We all know what happened last Tuesday, right?  It was tax day.

Lots of people thought about their finances, lots of people talked to their local CPAs.  Loads of CPAs saw lots of financial statements, heard why people were freeing up cash, maybe a few even heard the sugar-sweet phrase ‘1031,’ just days ago.

And you know what?  Betcha a Starbucks they don’t all have trustworthy referral partners to work with.

Betcha that if you grabbed a list of CPAs–now that the CPAs aren’t in tax season–and reached out via ANY authentic method (post cards, friendly calls, offering lunch, whatever you’re comfortable with that gets measurable results), and authentically offered yourself as a trustworthy person to help navigate these turbulent waters…

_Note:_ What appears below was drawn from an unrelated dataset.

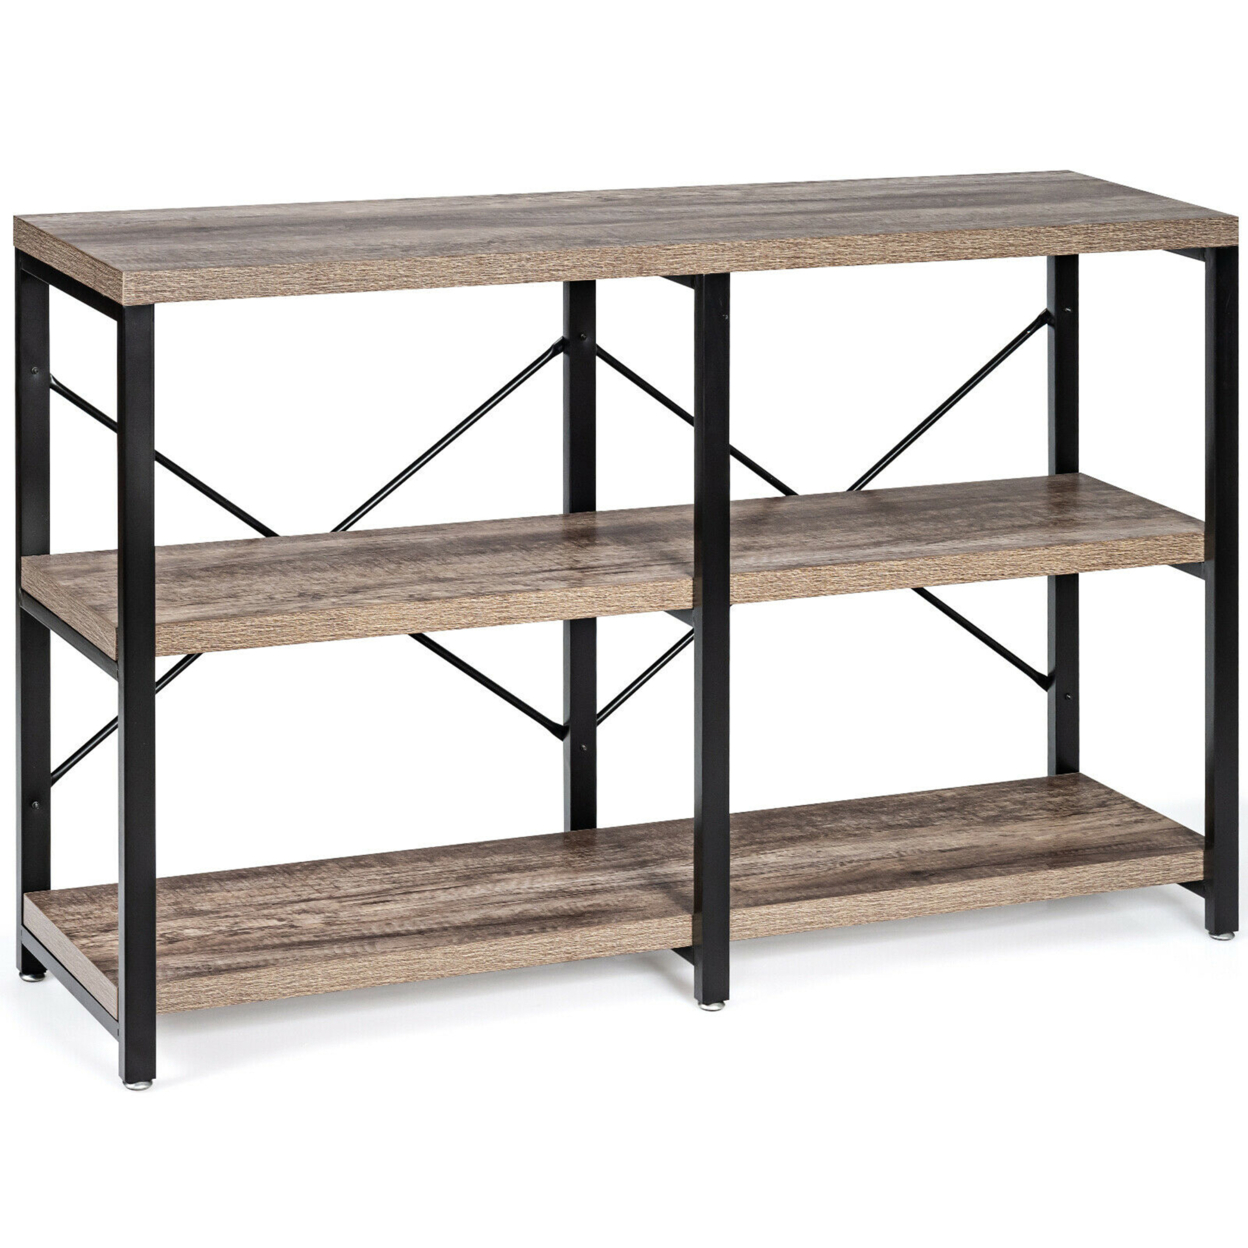 47'' Console Table 3 Tier Industrial Sofa Table Metal Frame - Gray Oak

You’d get solid referrals in days and weeks-not months.

There are dozens of “scripts” you can use, but why not do it in a sentence:

The more direct and more honest, the better.  I’ve called CPAs (and financial planners) and uttered a run on sentence: “Hi, I’m Chris Johnson, with ____________.  I wanted to reach out and let you know that if you had clients buying a property, I would be honored to help them, and help you make sure it was congruent with their long term goals. Do you have anyone in that category?”

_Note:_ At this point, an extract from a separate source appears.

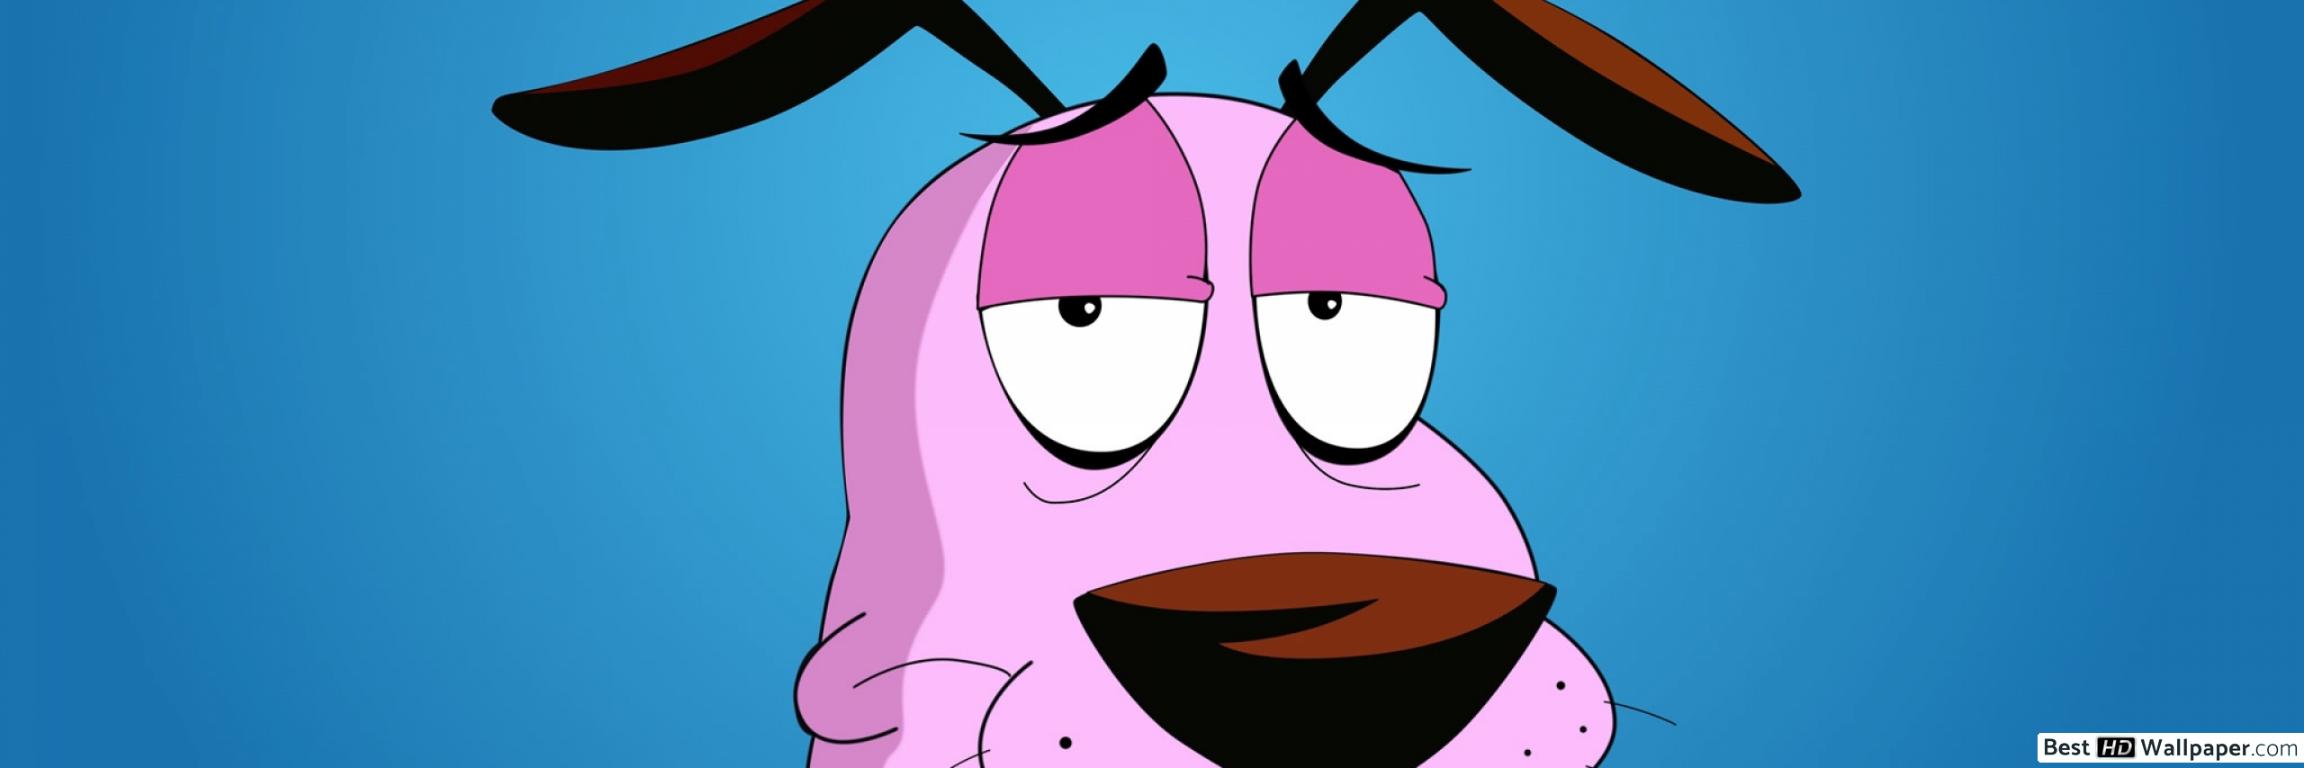 Courage The Cowardly Dog Upset - HD Wallpaper

Now, I’ve never once had someone jump through the phone to send me a client.  But, I’ve made (too) few of these calls to CPAs.  And every time I do, within a couple of hours, I meet someone I connect with, I want to help, and that sends people to me because I reached out.  I’m still closing loans from CPAs I met when I was a Realtor.  The very fact that you’re willing to talk to a CPA differentiates yourself from your competition…

So eye on the ball, and reach out to your local CPAs today.